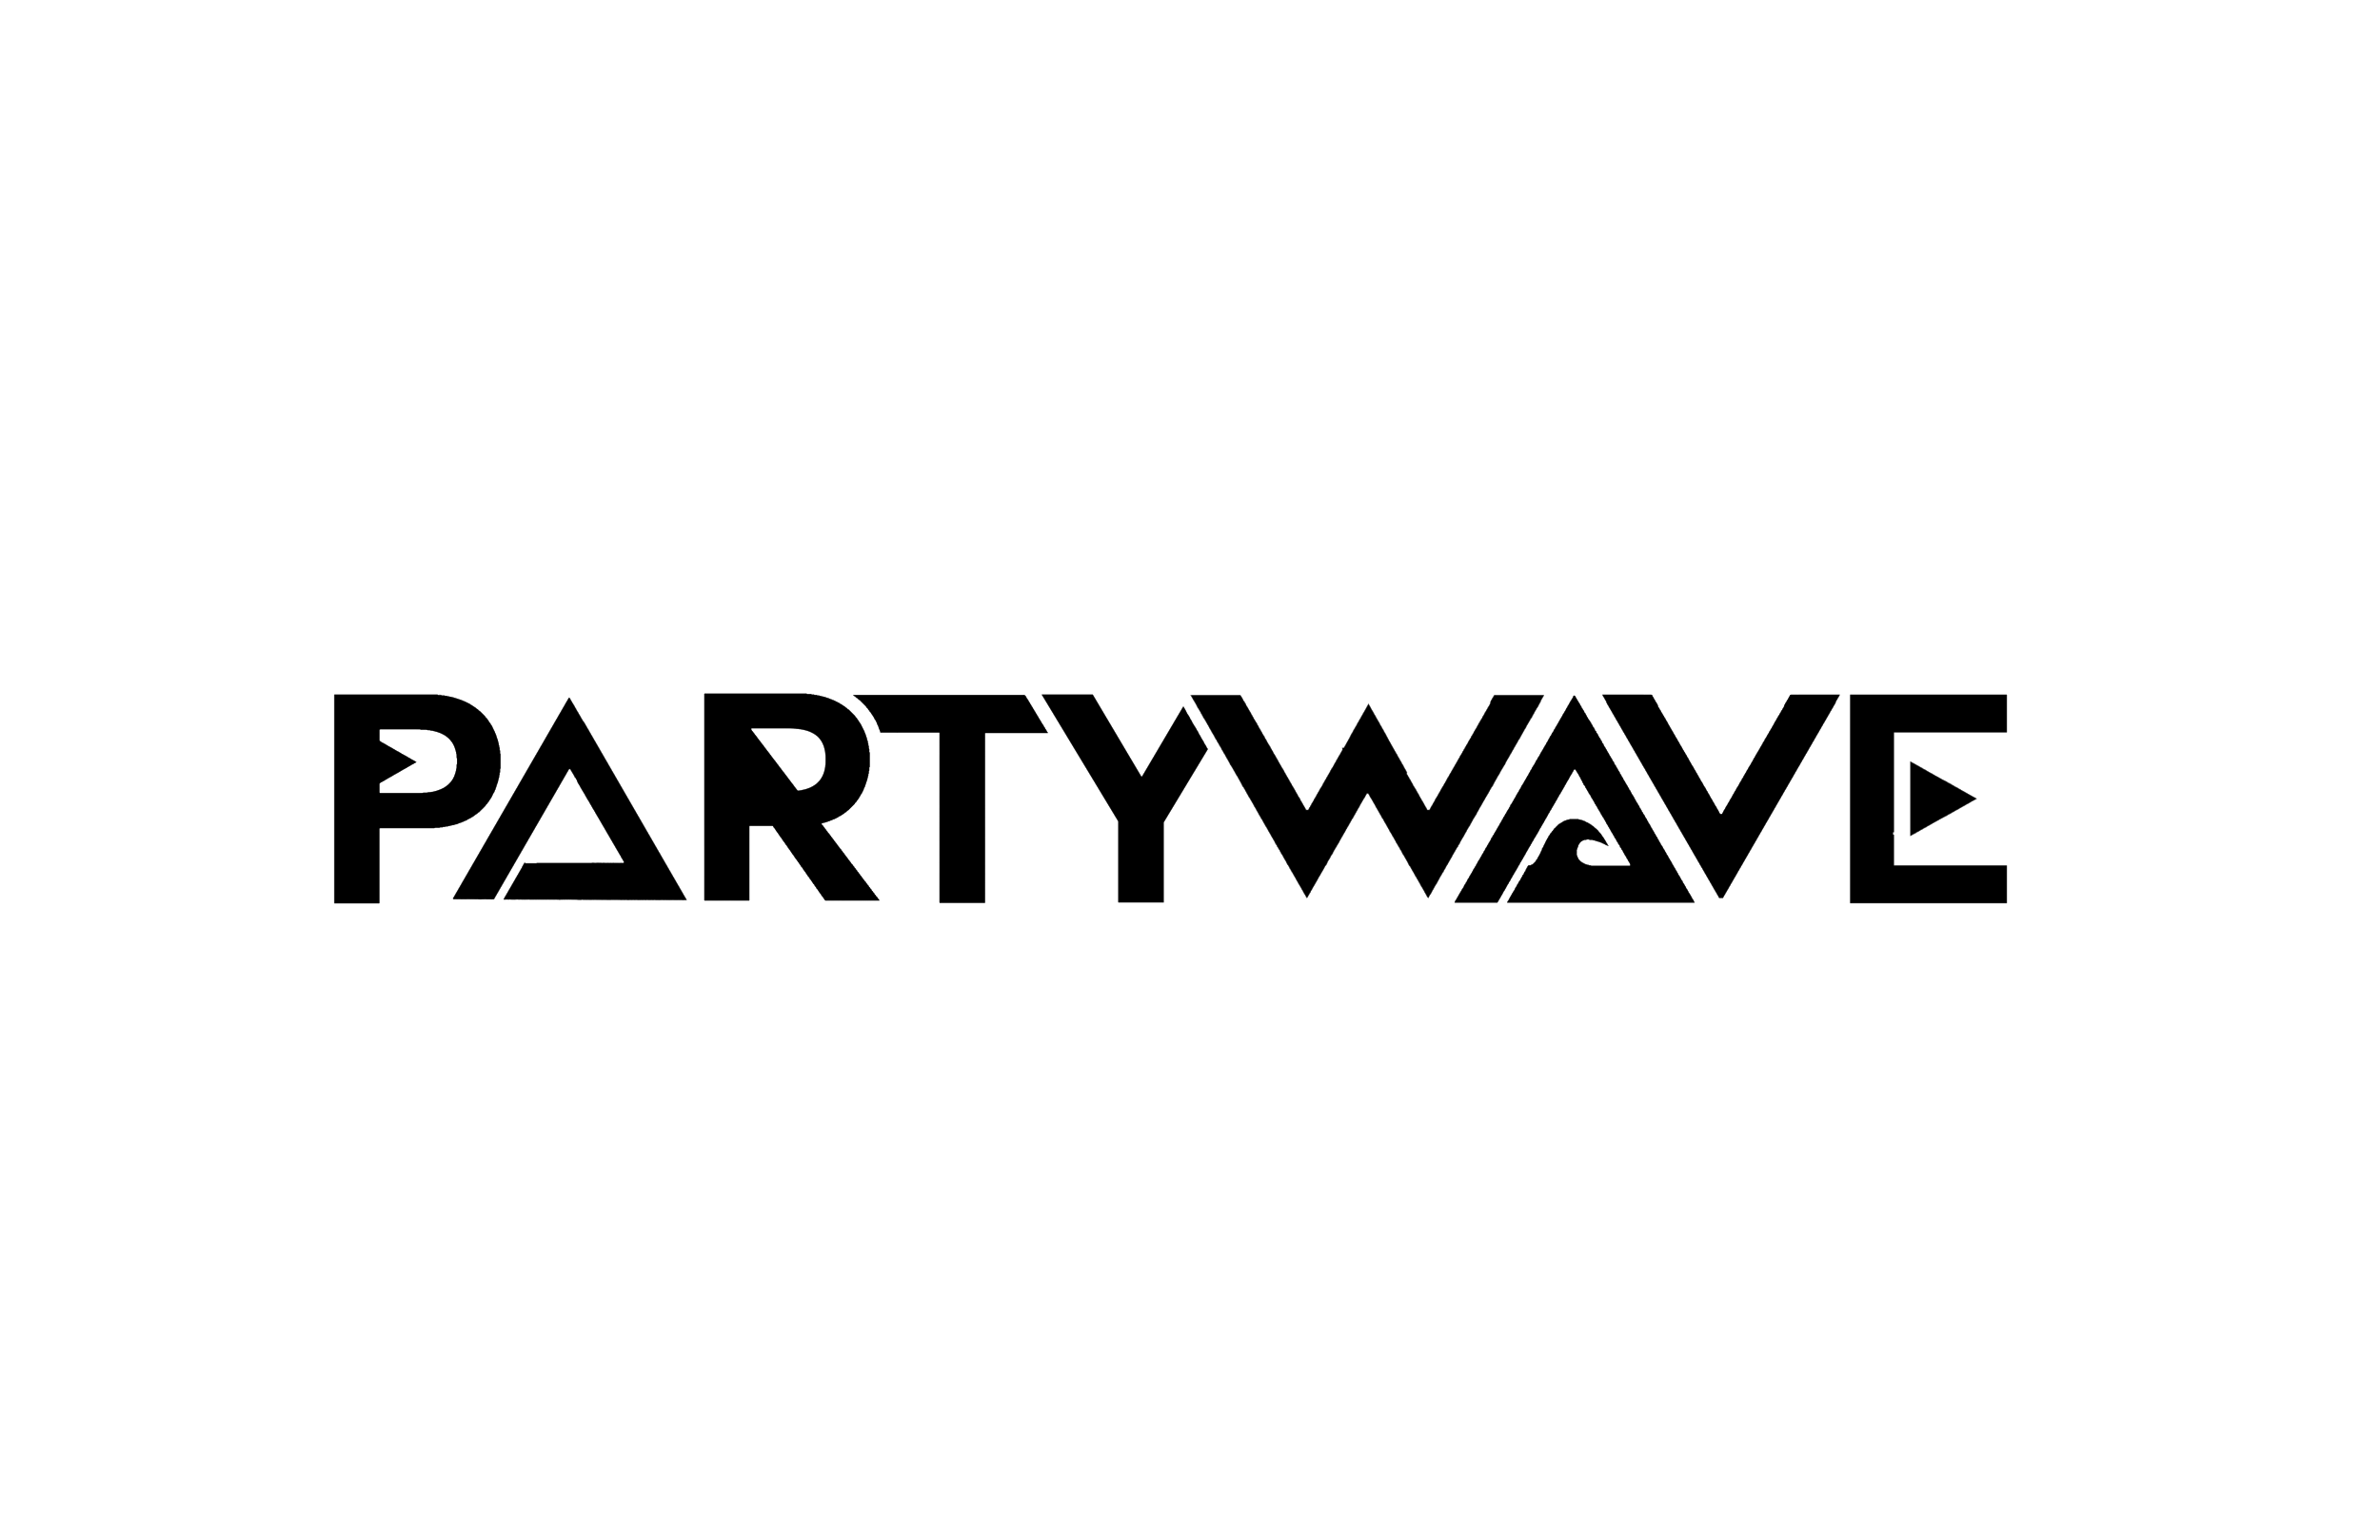 PartyWave Logo 6 (black).png
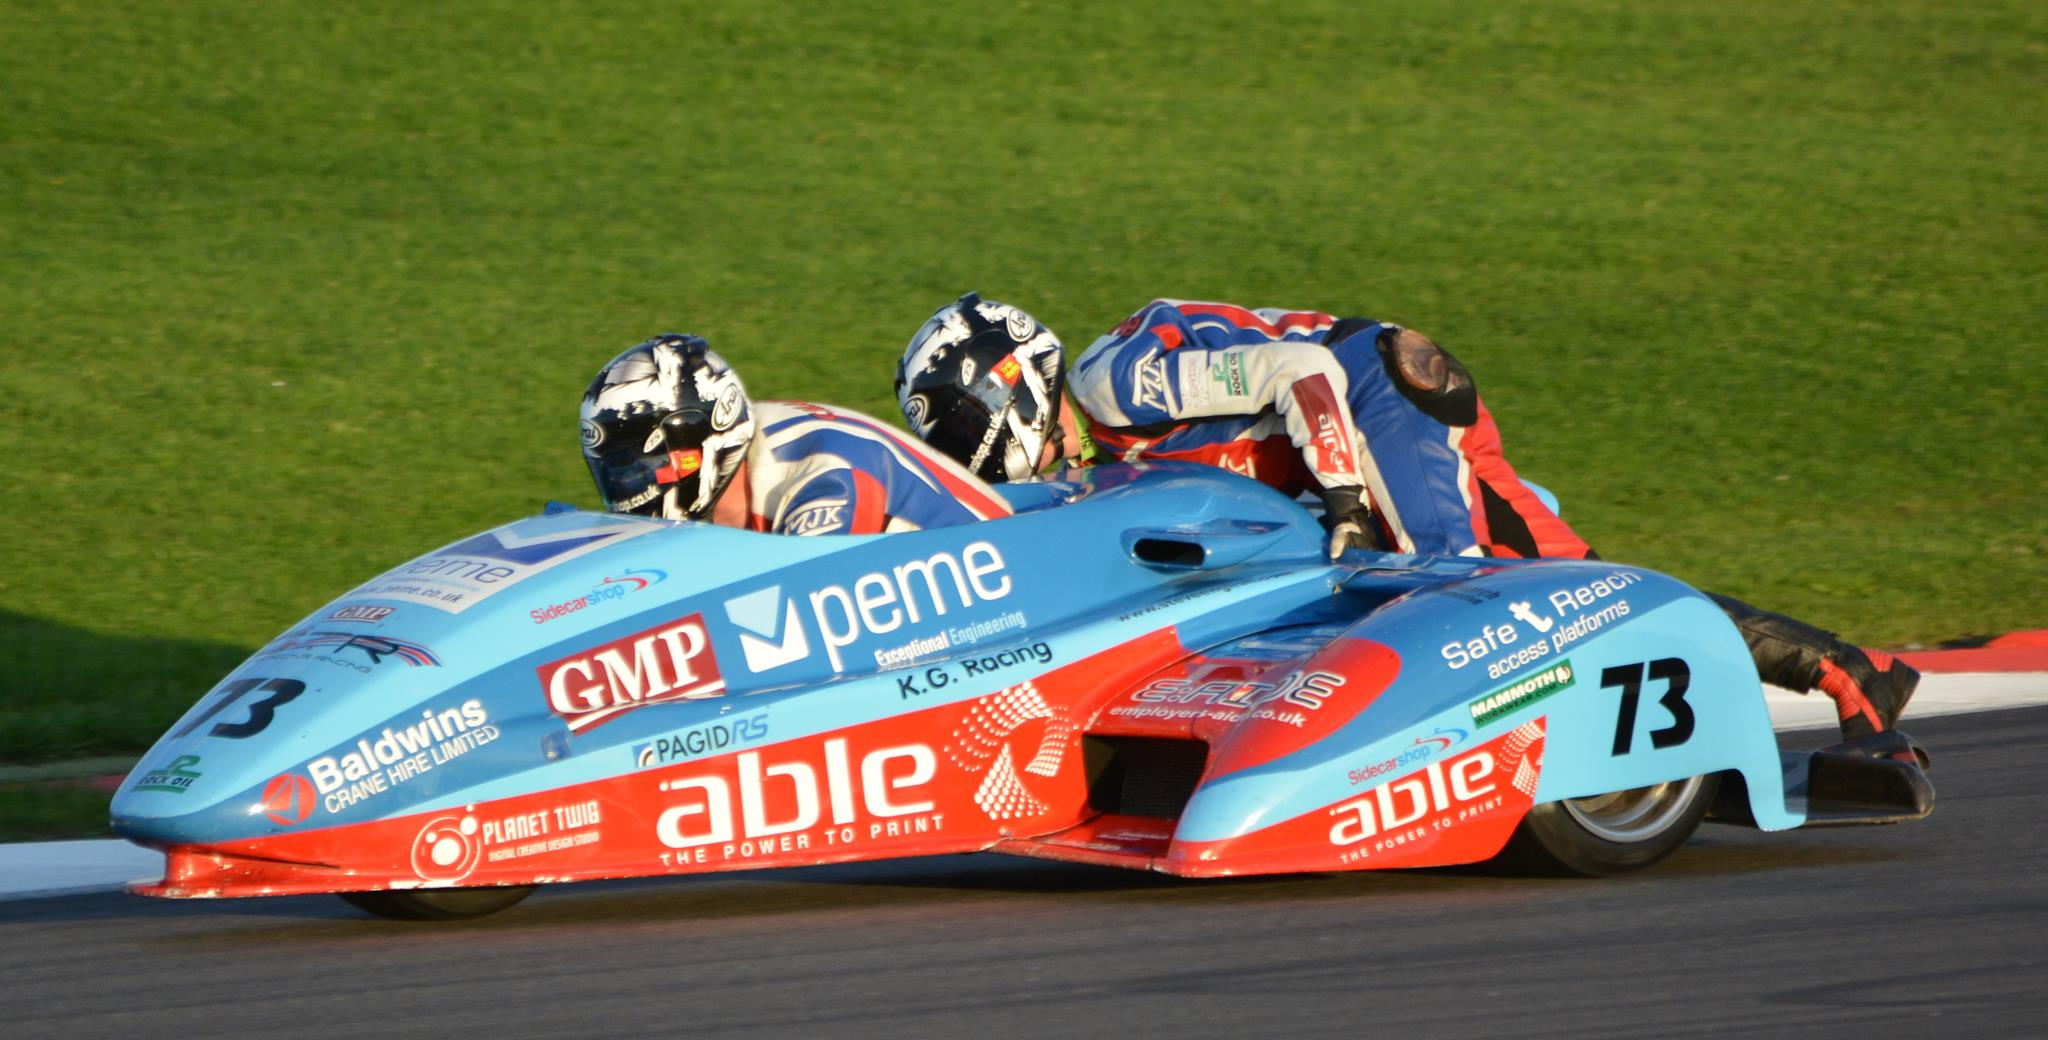 PEME CTR at Silverstone
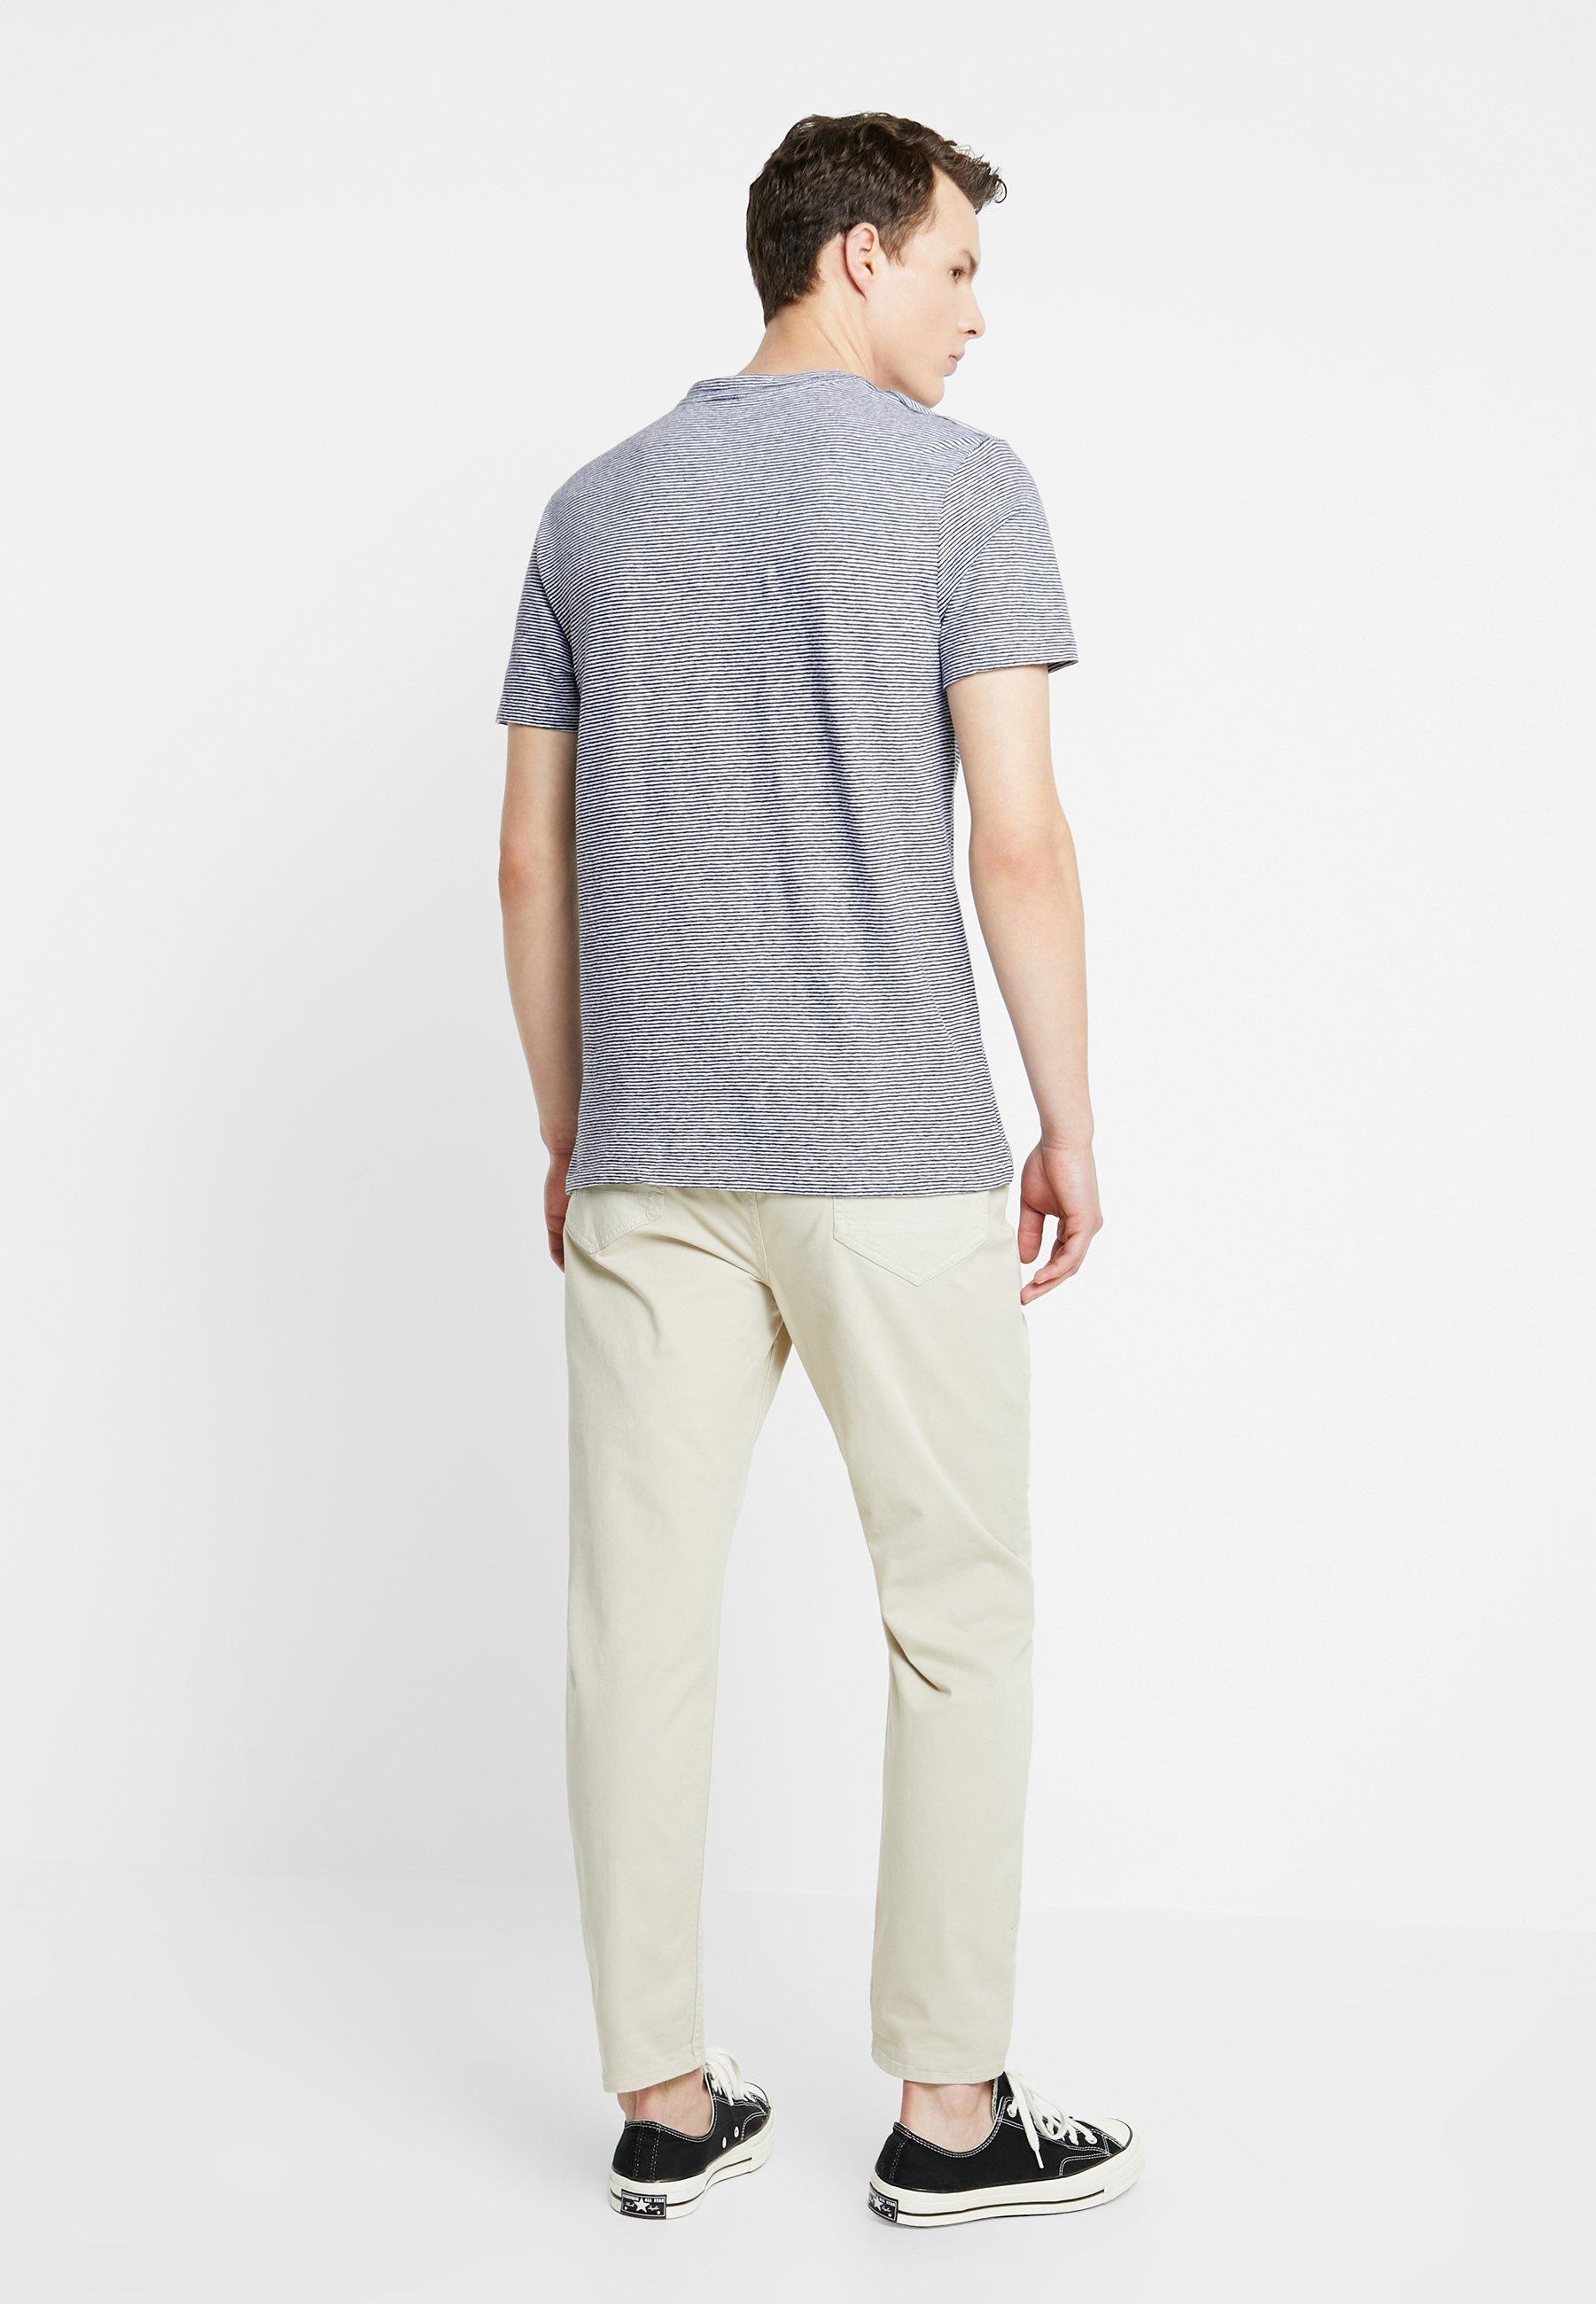 White blue CrewT shirt Tonic Basique Allsaints Lupa 3RqAjL54

---------------

Task statement - Would you return all of the data above word for word, omitting every picture?

Solution to this problem -
 PartyWave Logo 6 (black).png
 PEME CTR at Silverstone
 White blue CrewT shirt Tonic Basique Allsaints Lupa 3RqAjL54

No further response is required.